== The data ==
-- Opening Marker --

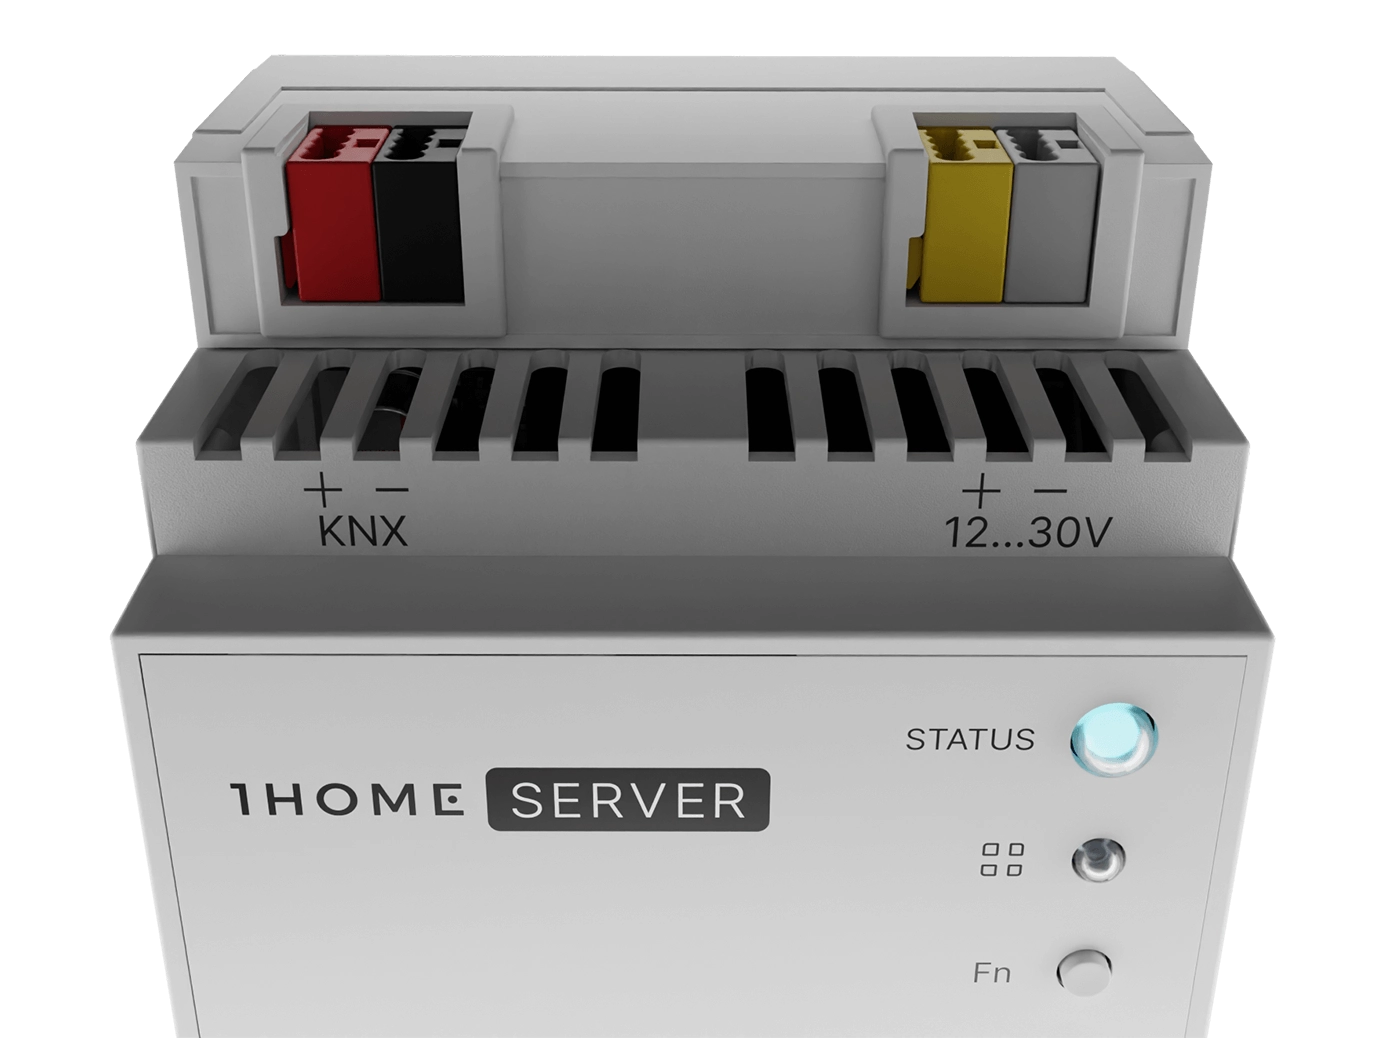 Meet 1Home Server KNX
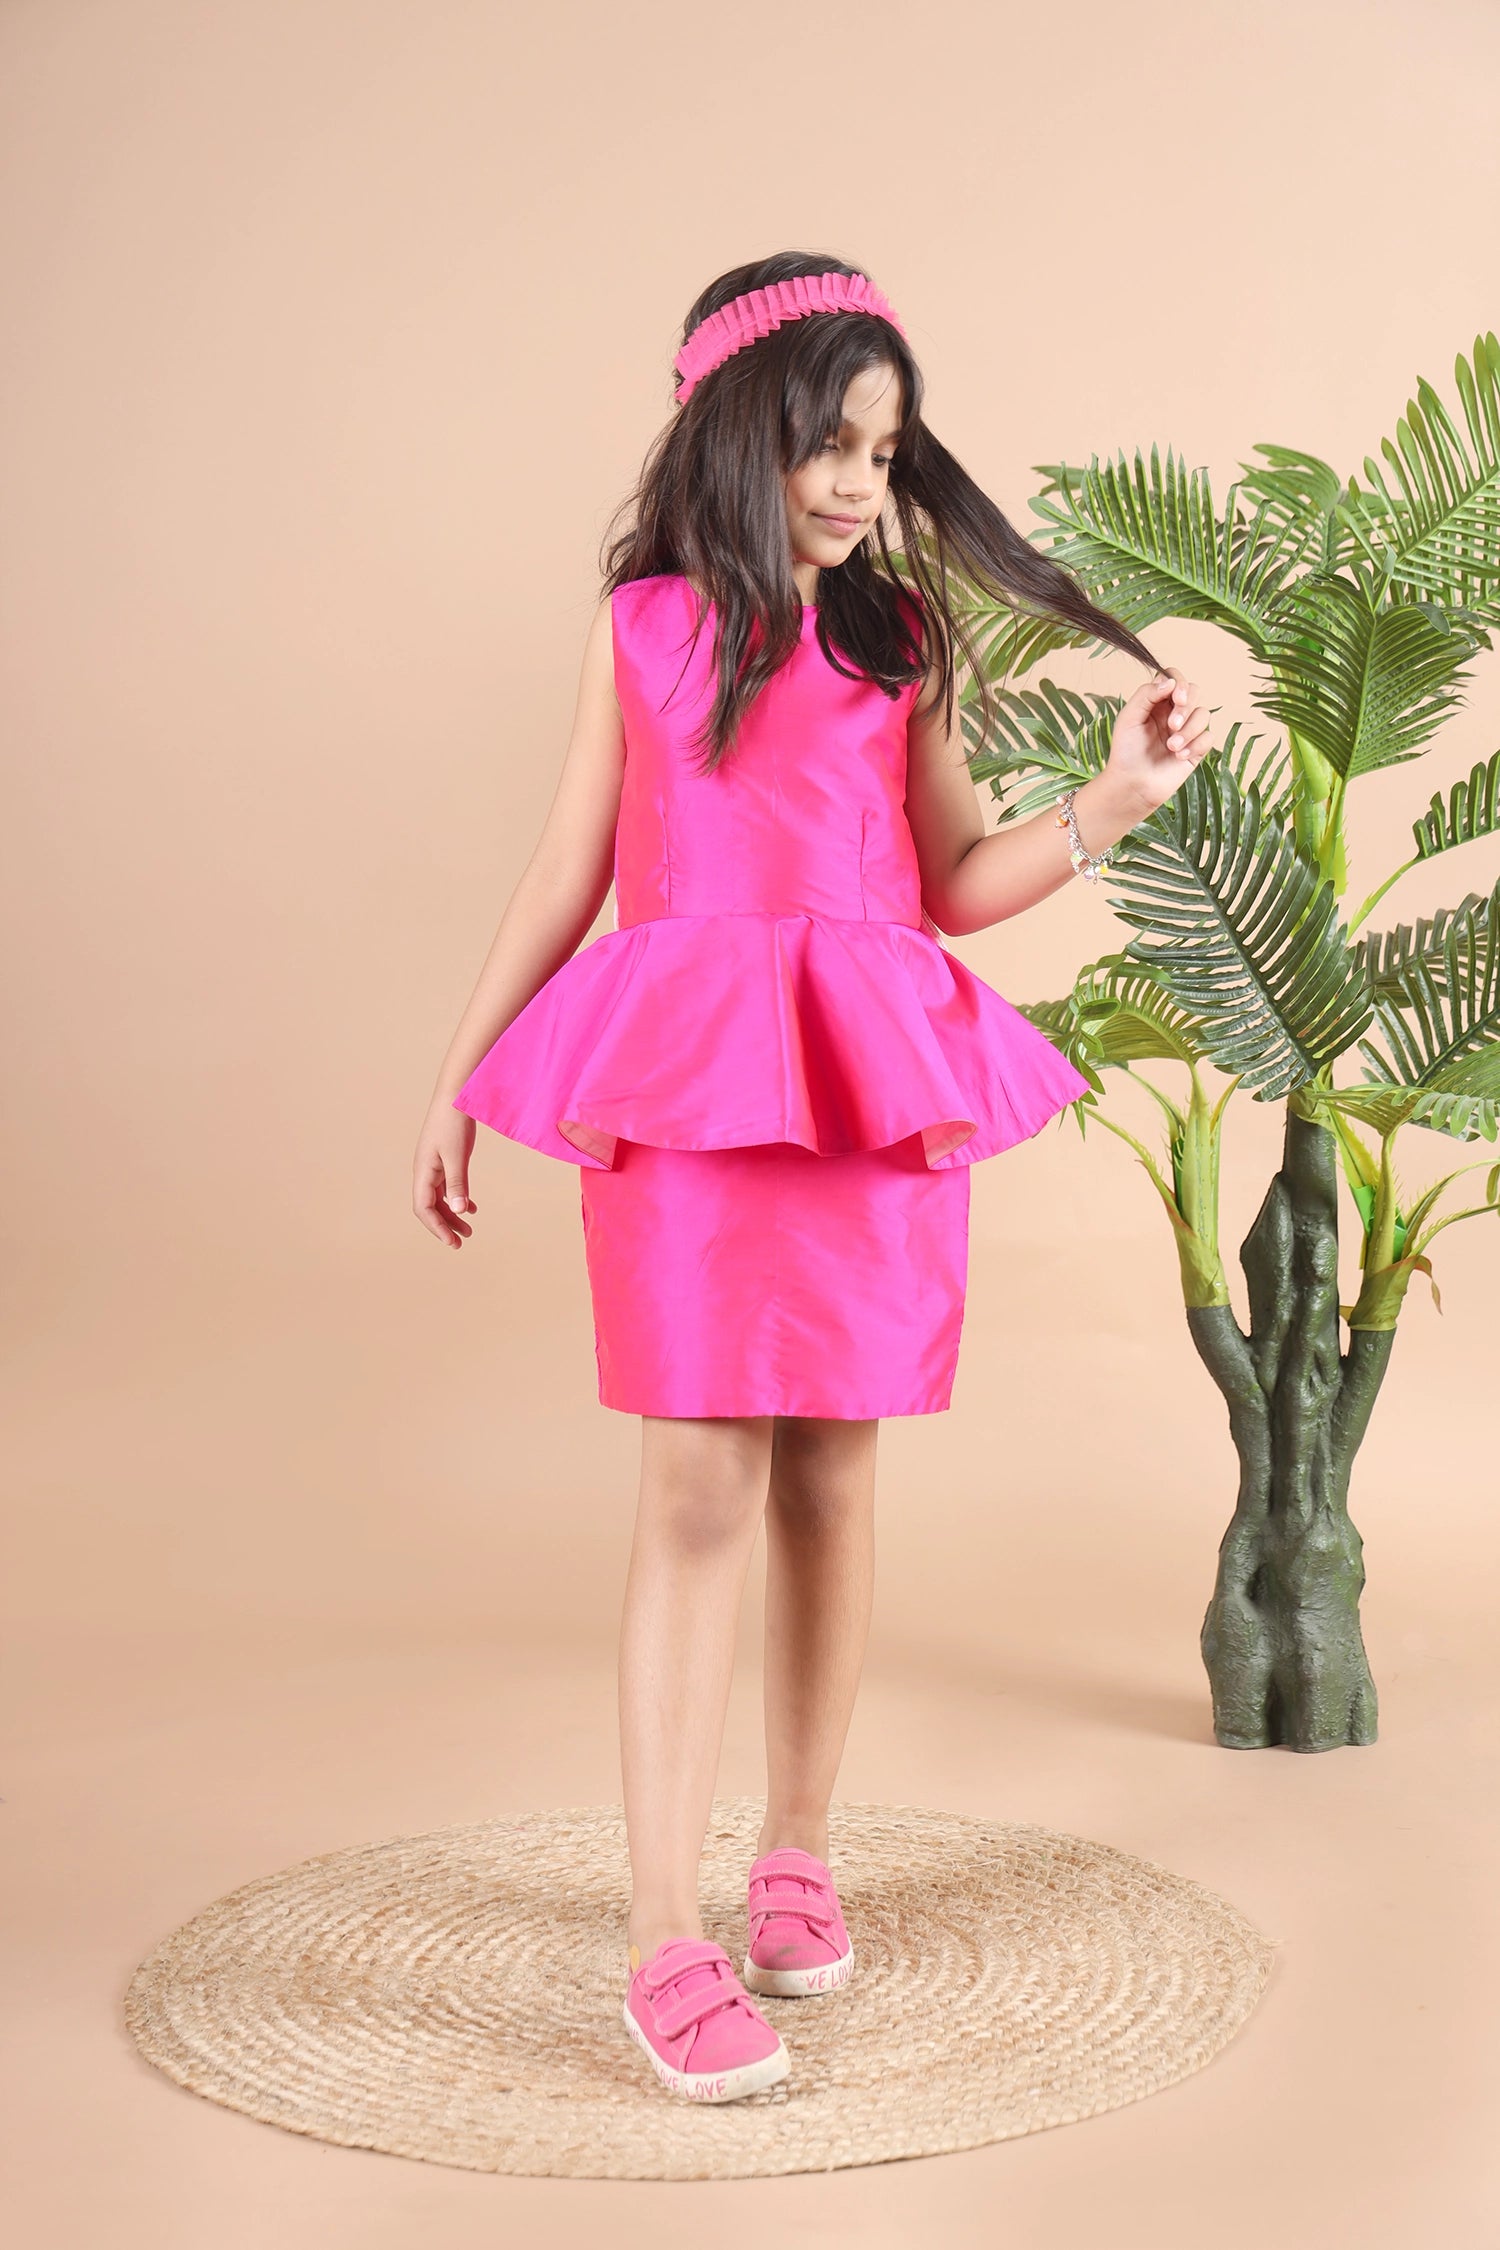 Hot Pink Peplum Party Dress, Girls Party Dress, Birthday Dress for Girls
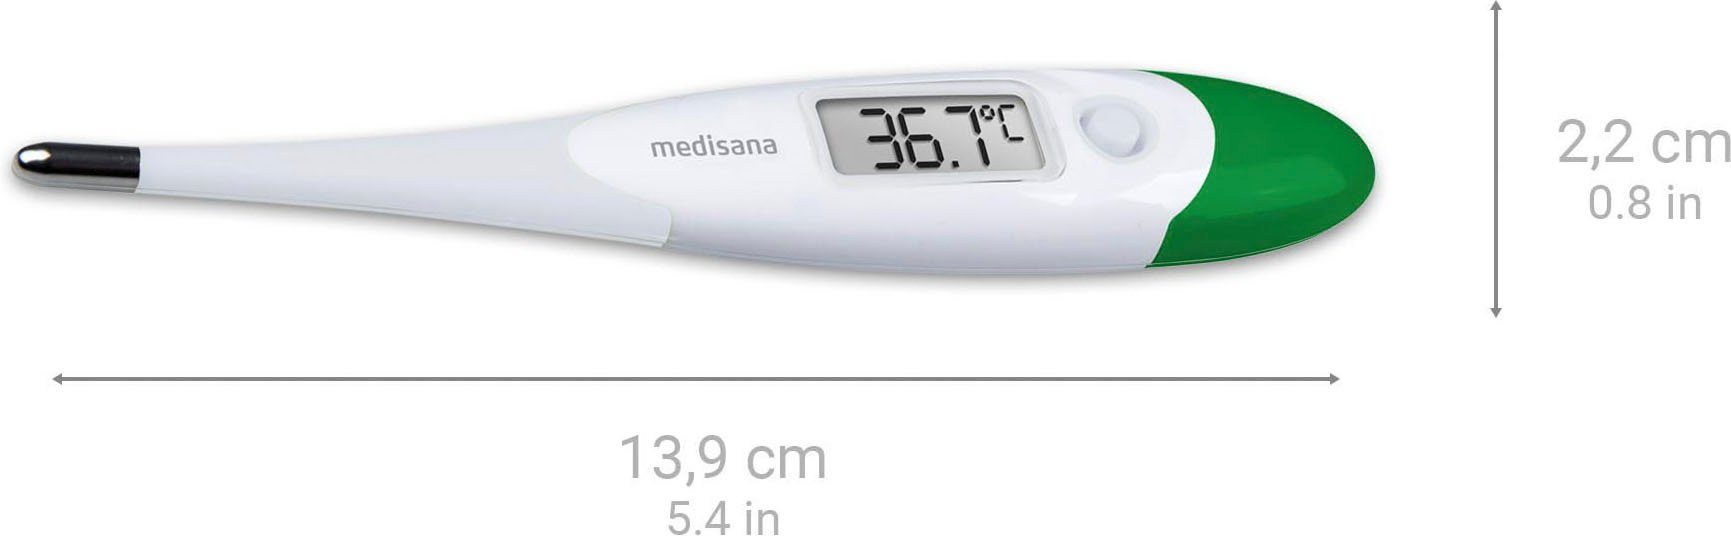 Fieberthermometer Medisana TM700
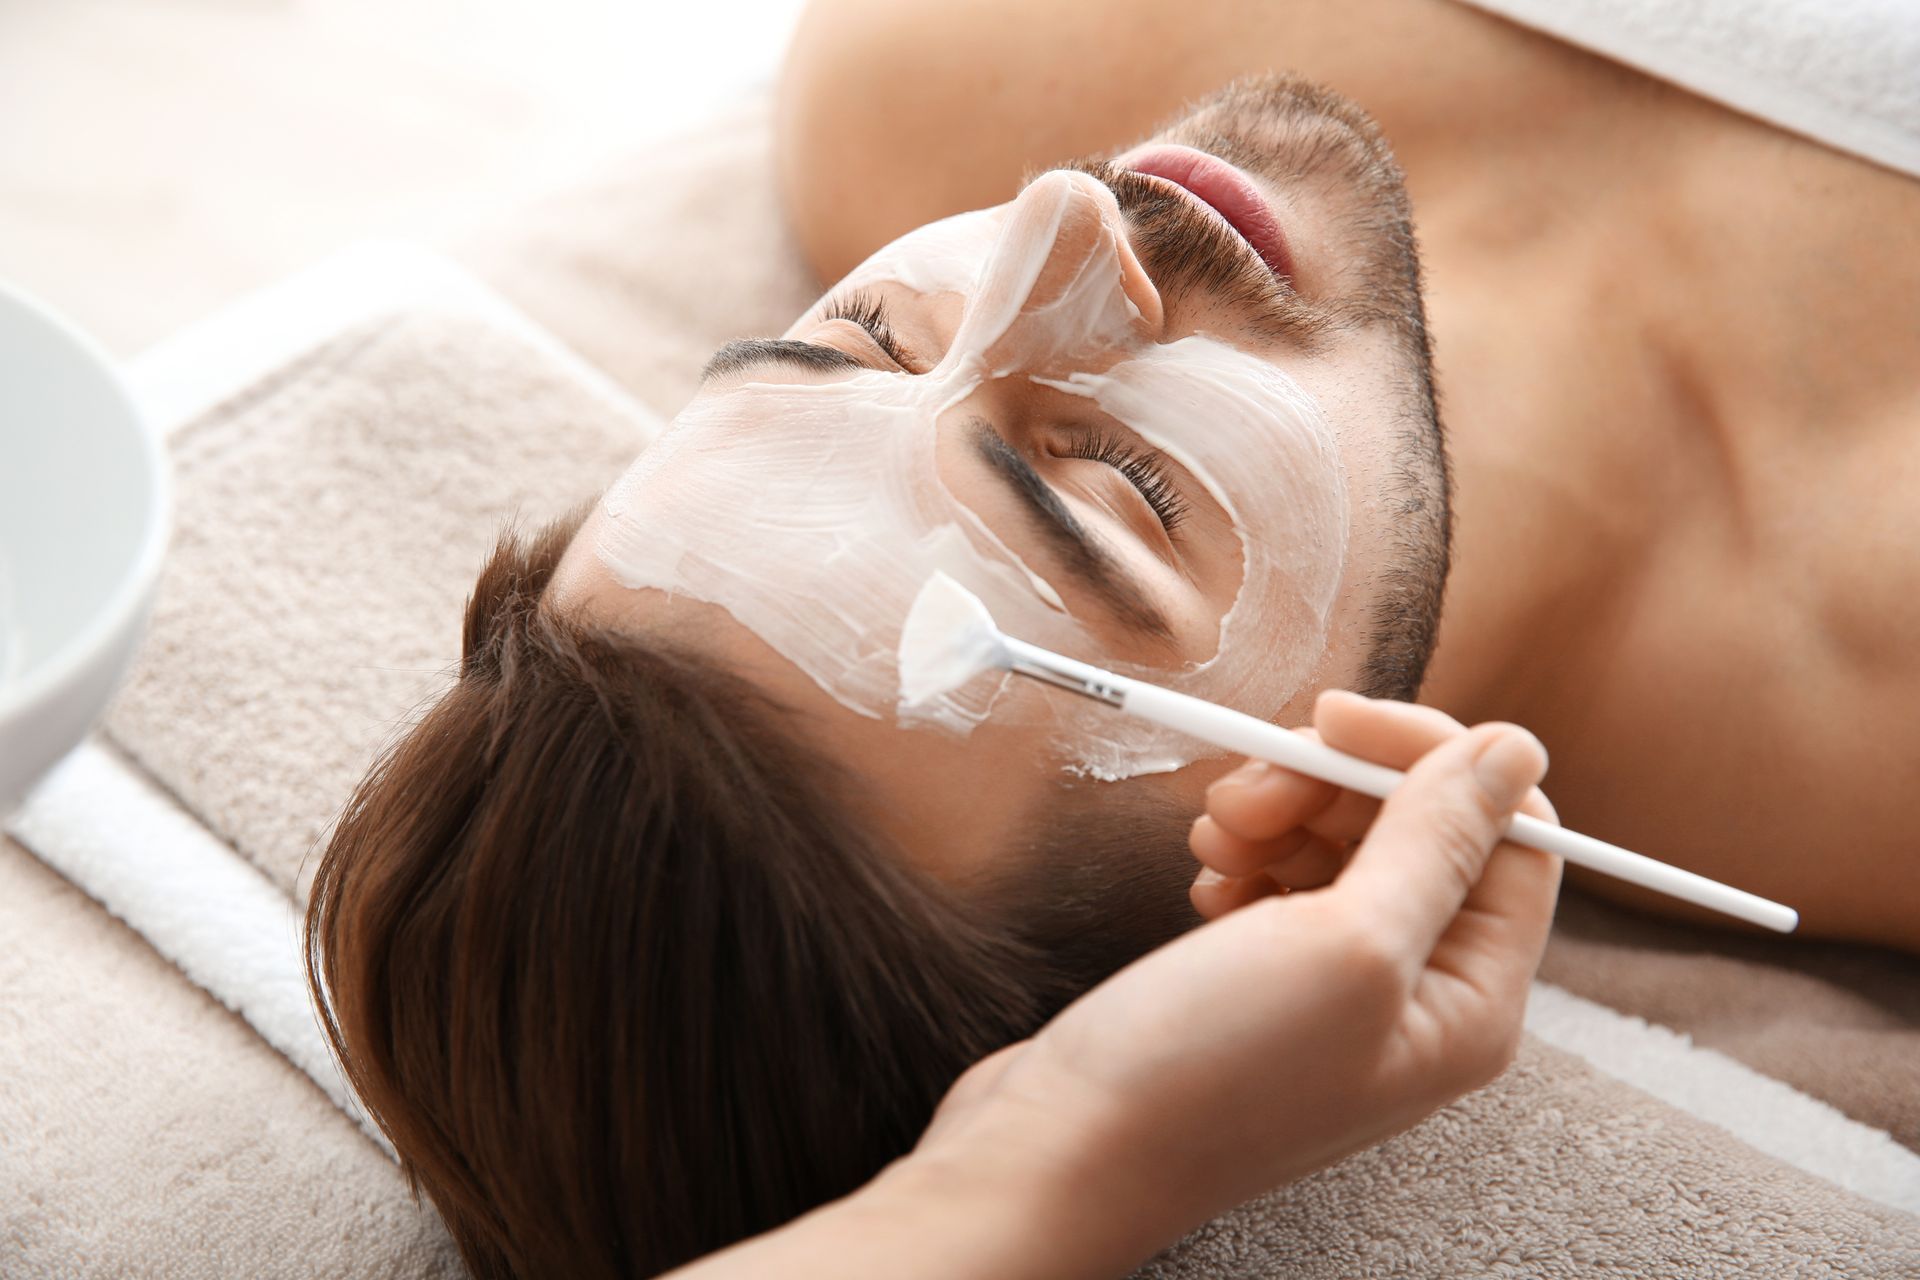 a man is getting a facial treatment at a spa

-- Closing Marker --

== Exercise directions ==
Everything in the data above should be set down again exactly, except the pictures.

== Output below ==
 Meet 1Home Server KNX
 Hot Pink Peplum Party Dress, Girls Party Dress, Birthday Dress for Girls
 Fieberthermometer Medisana TM700
 a man is getting a facial treatment at a spa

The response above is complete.